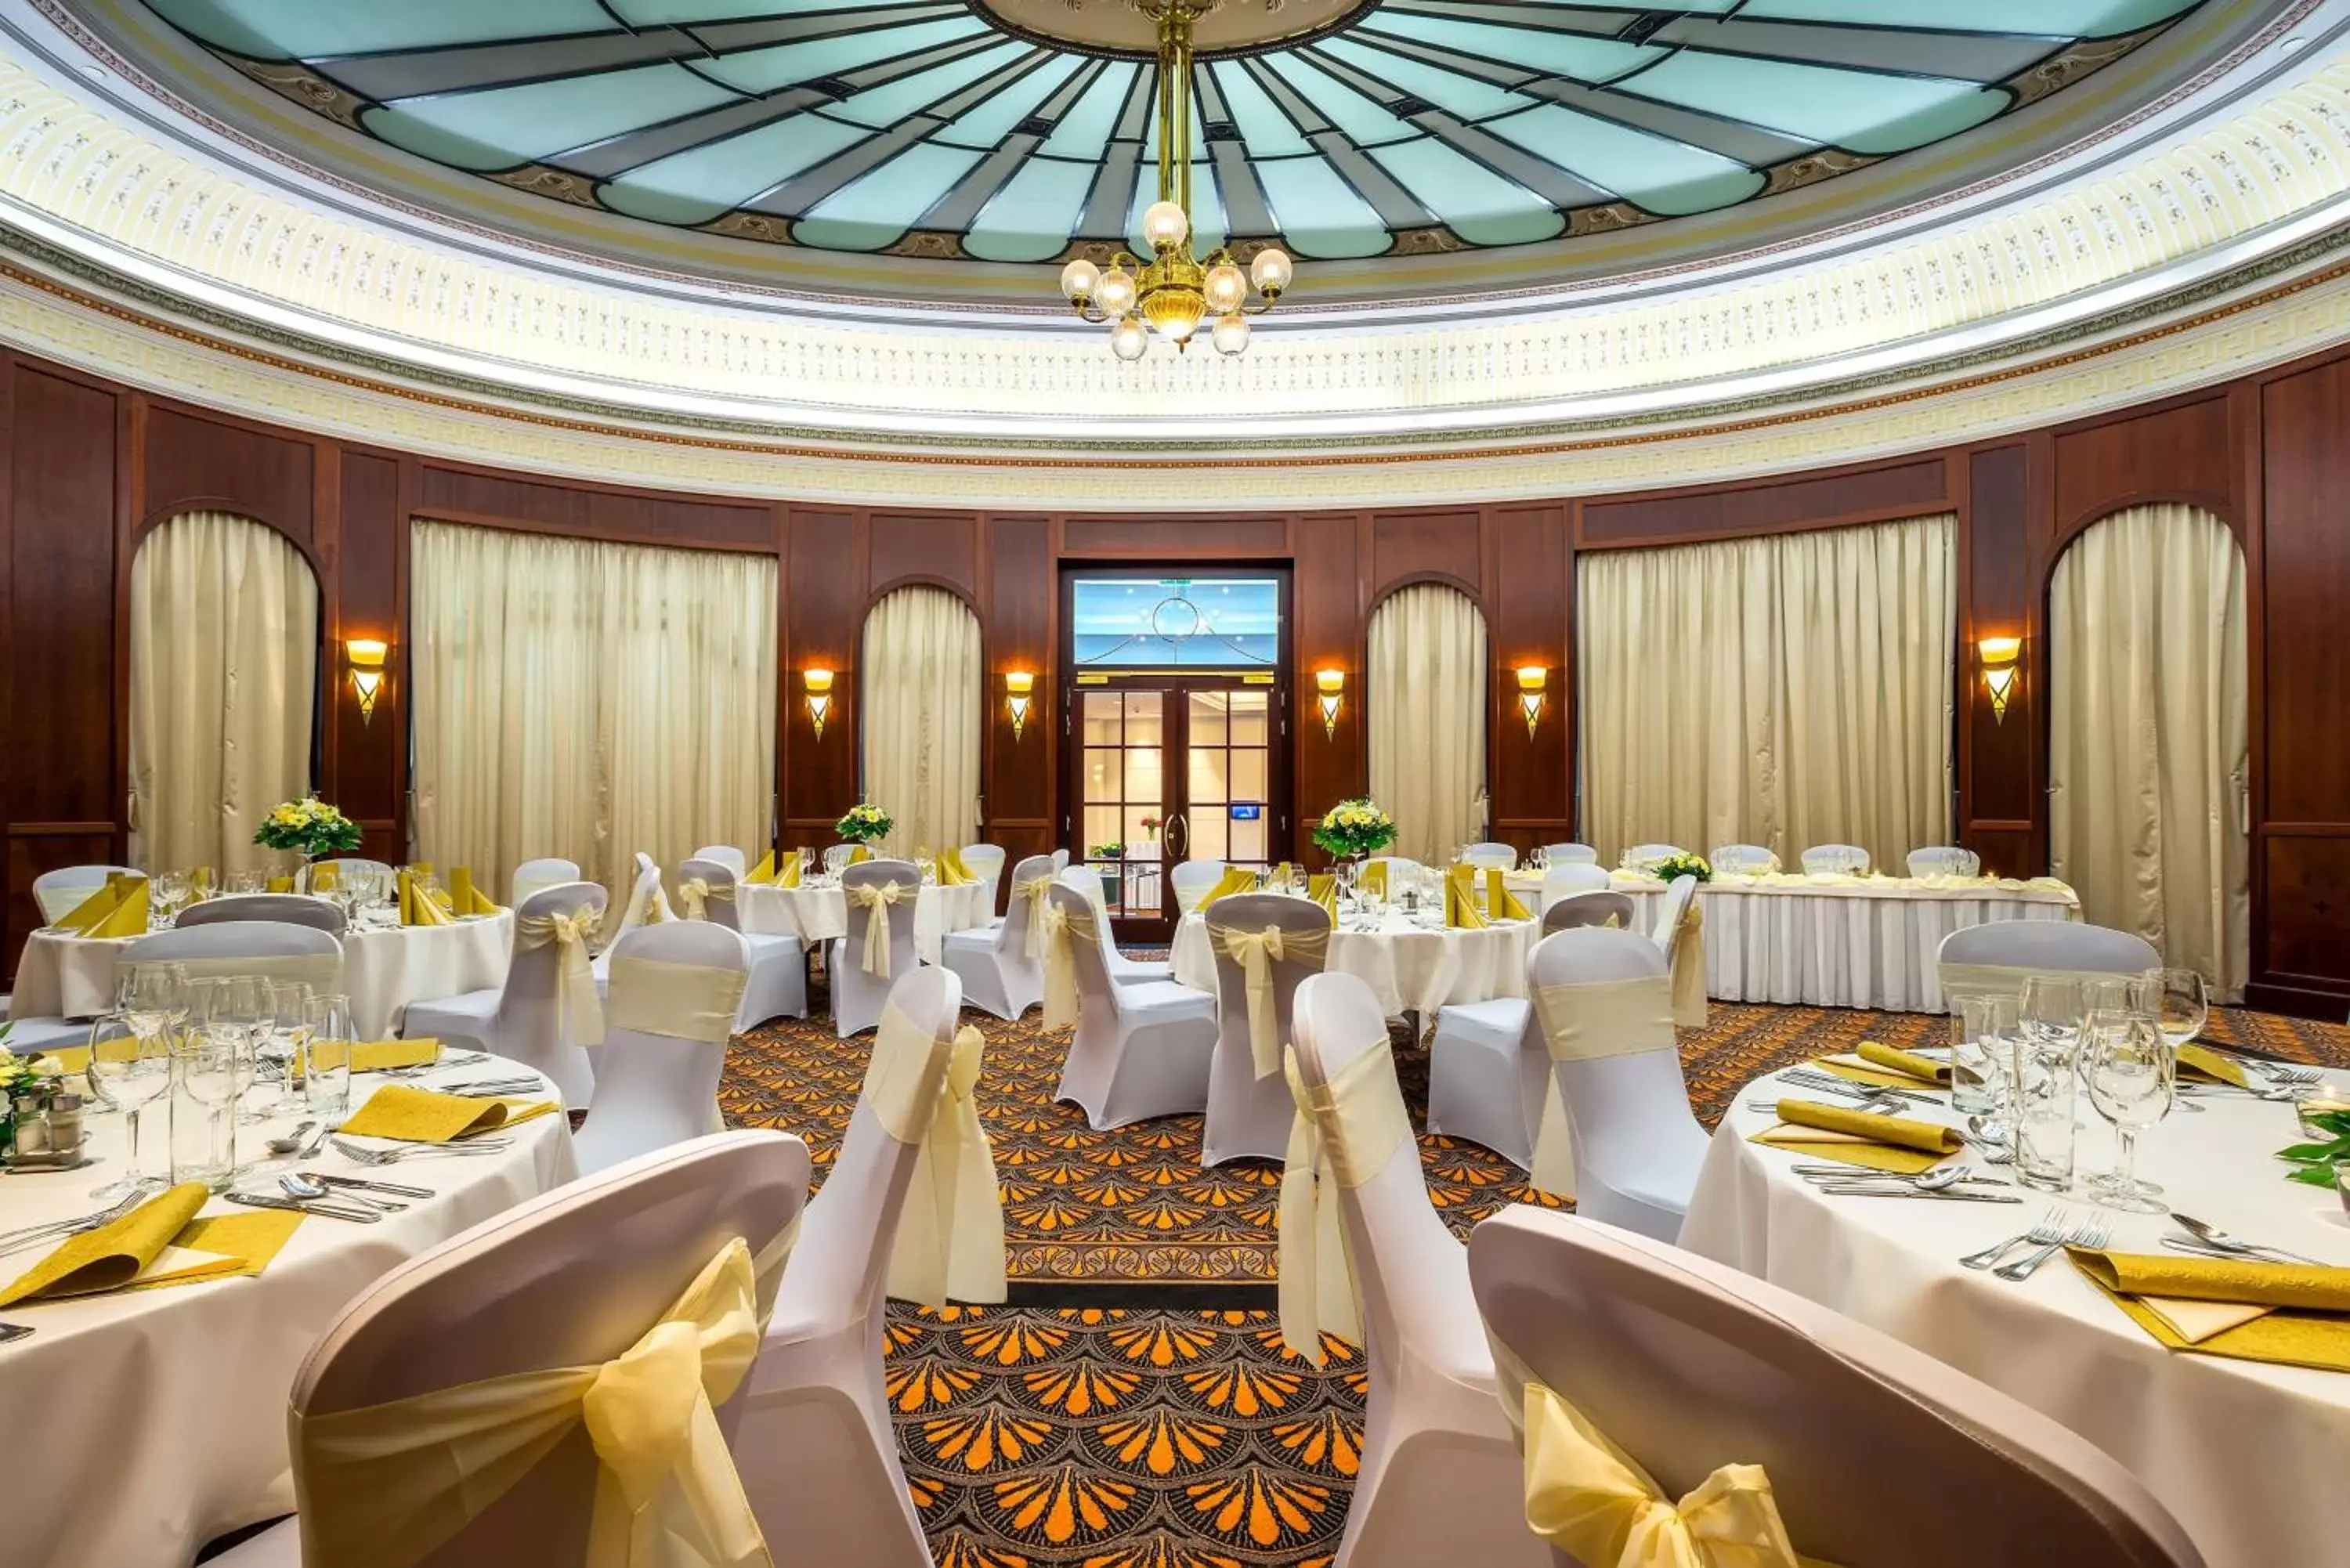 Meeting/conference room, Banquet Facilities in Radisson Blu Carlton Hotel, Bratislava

...

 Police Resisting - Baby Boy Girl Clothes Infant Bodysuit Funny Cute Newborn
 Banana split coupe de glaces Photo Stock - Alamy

--

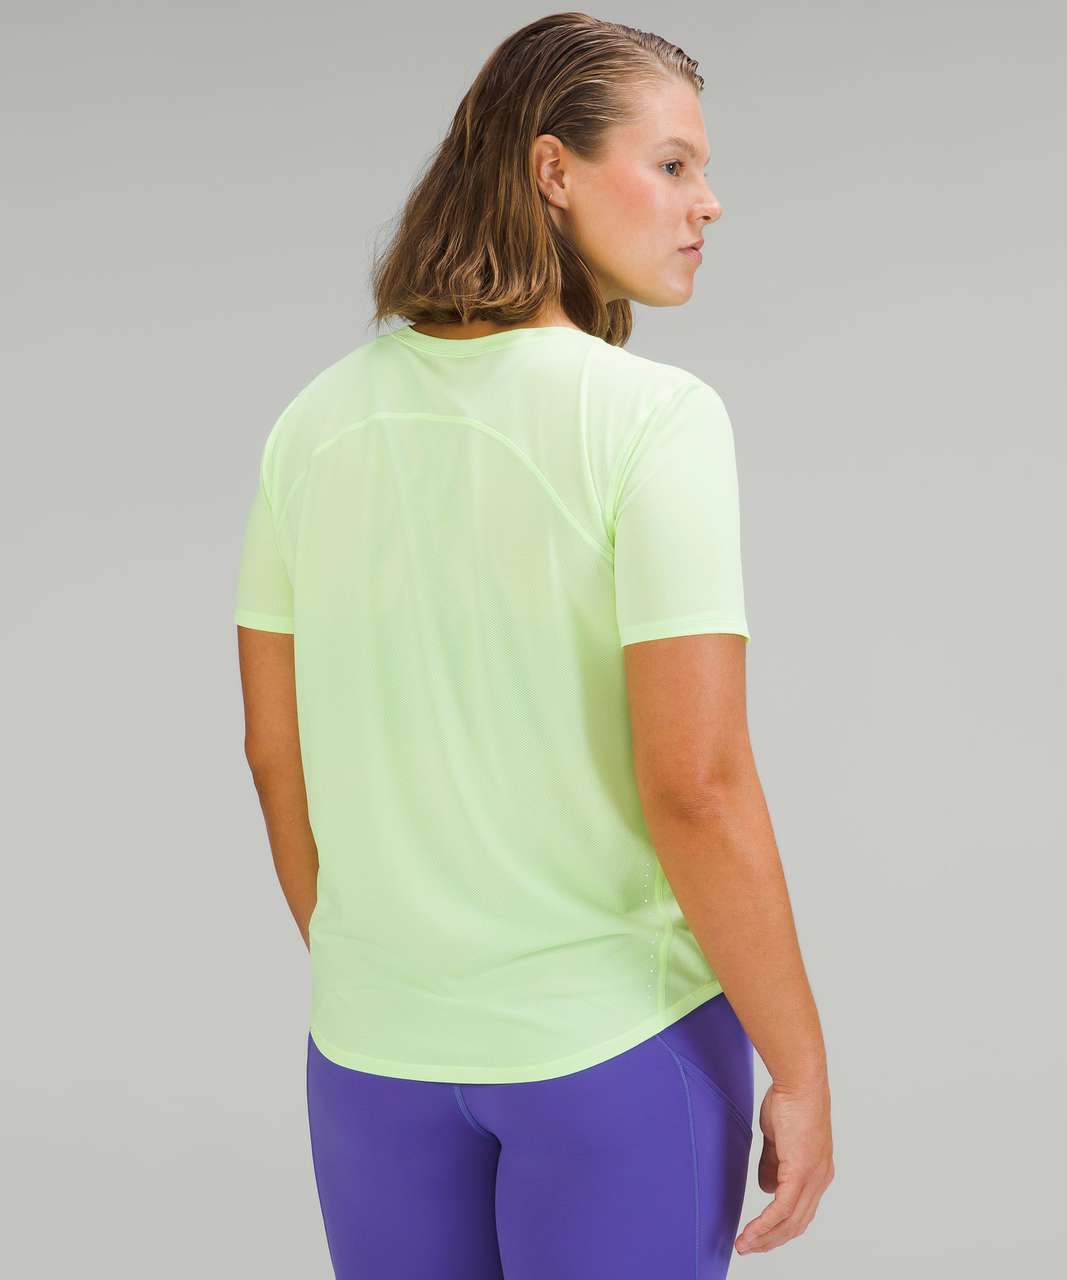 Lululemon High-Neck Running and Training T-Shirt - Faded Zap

TASK GOAL
Write down, word for word, the lines above from the one containing "Police Resisting - Baby" through the one containing "Banana split coupe", both ends included.

SOLVED EXERCISE
 Police Resisting - Baby Boy Girl Clothes Infant Bodysuit Funny Cute Newborn
 Banana split coupe de glaces Photo Stock - Alamy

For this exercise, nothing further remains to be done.